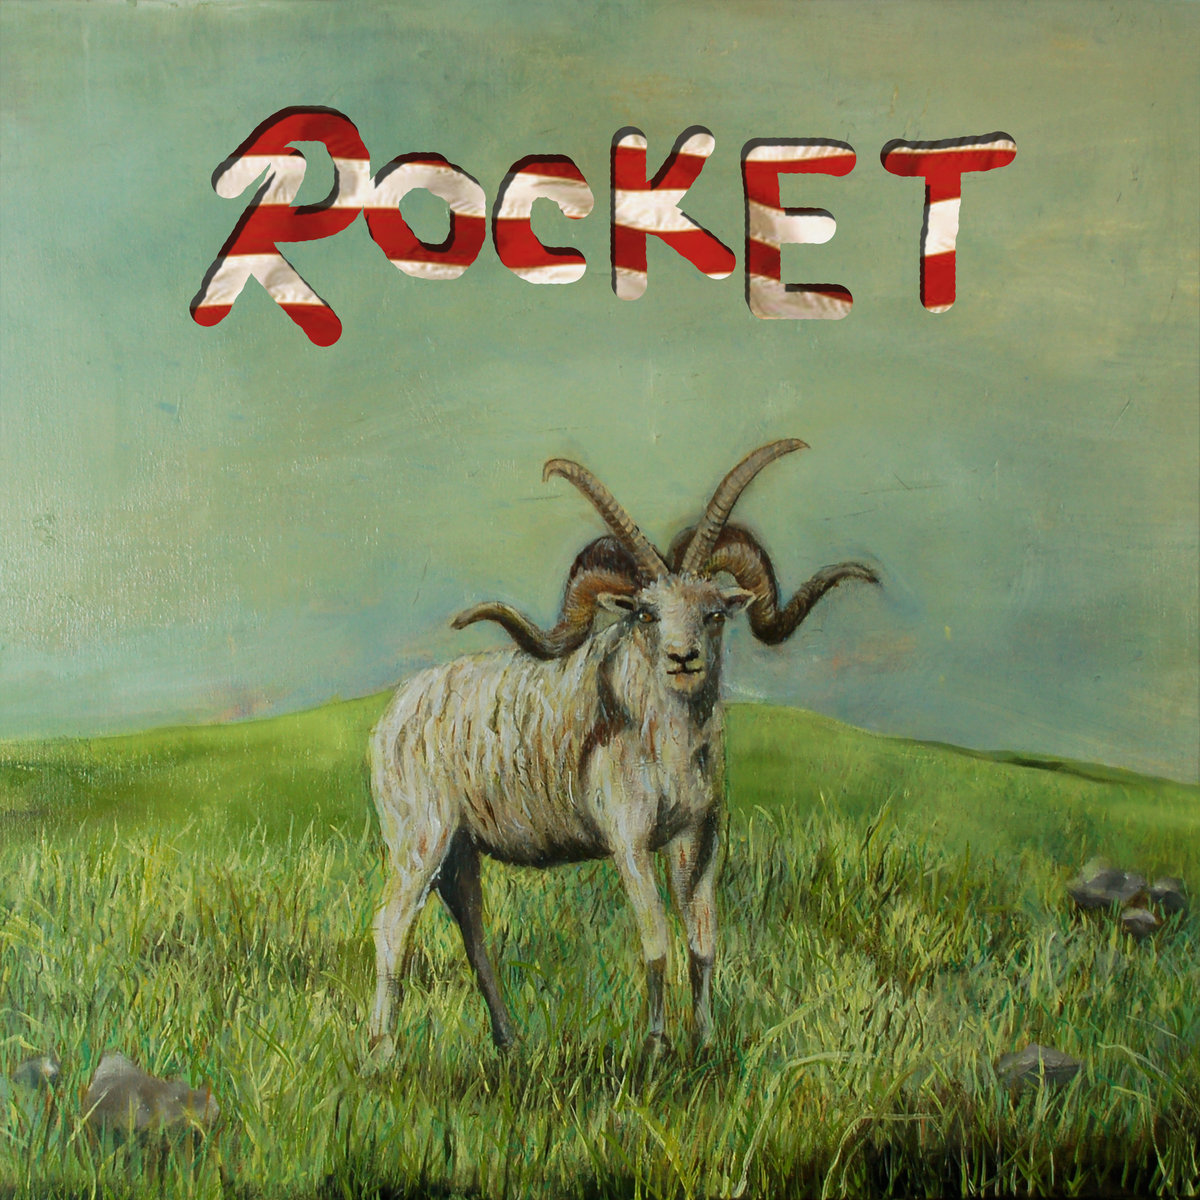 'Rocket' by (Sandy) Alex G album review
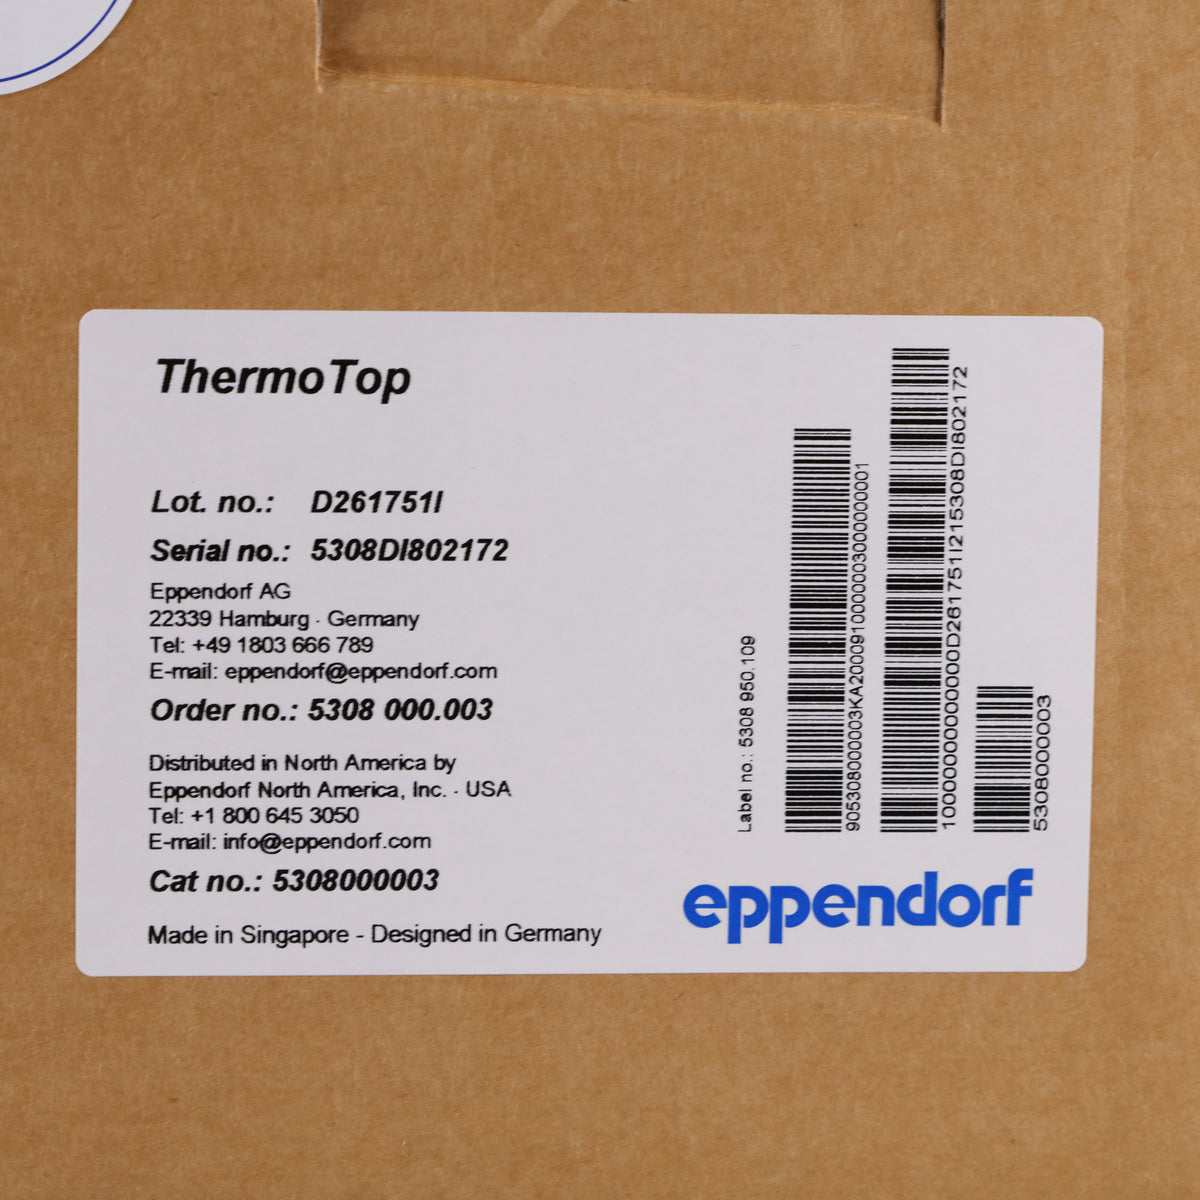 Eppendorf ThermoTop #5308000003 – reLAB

-=-=-

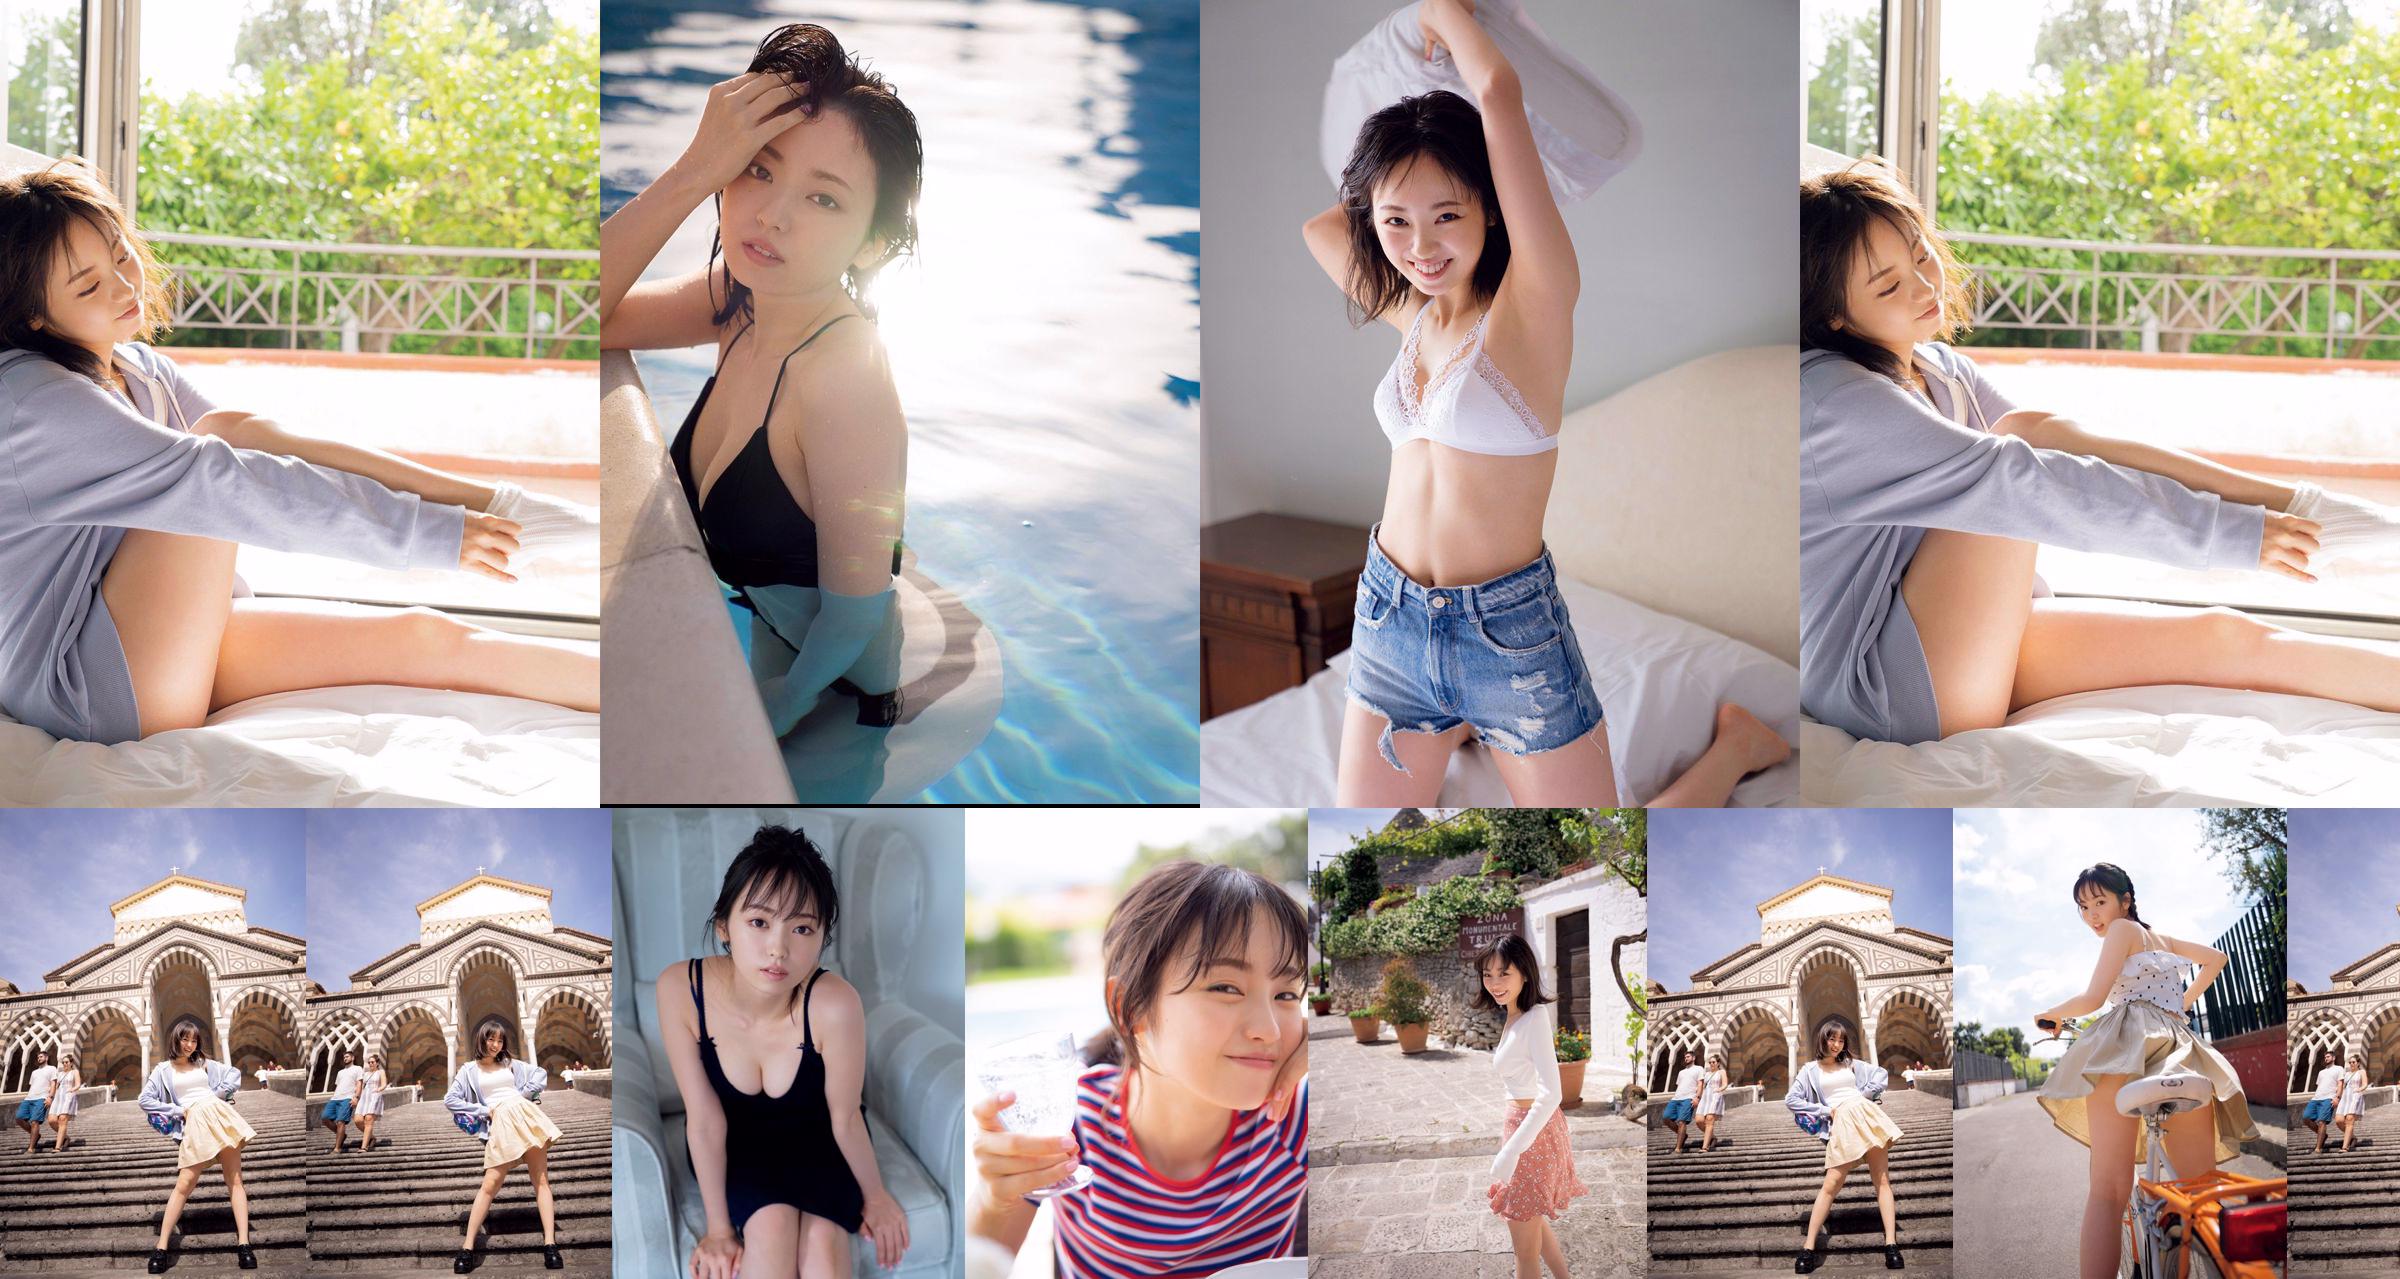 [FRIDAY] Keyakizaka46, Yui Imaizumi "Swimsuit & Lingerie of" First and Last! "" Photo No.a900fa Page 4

-=-=-

Work to complete = Word for word, restate the lines above from the one with "G album review" through the one with "Eppendorf ThermoTop #5308000003 – reLAB", keeping both ends and dropping the pictures.

Finished task =
 'Rocket' by (Sandy) Alex G album review
 Eppendorf ThermoTop #5308000003 – reLAB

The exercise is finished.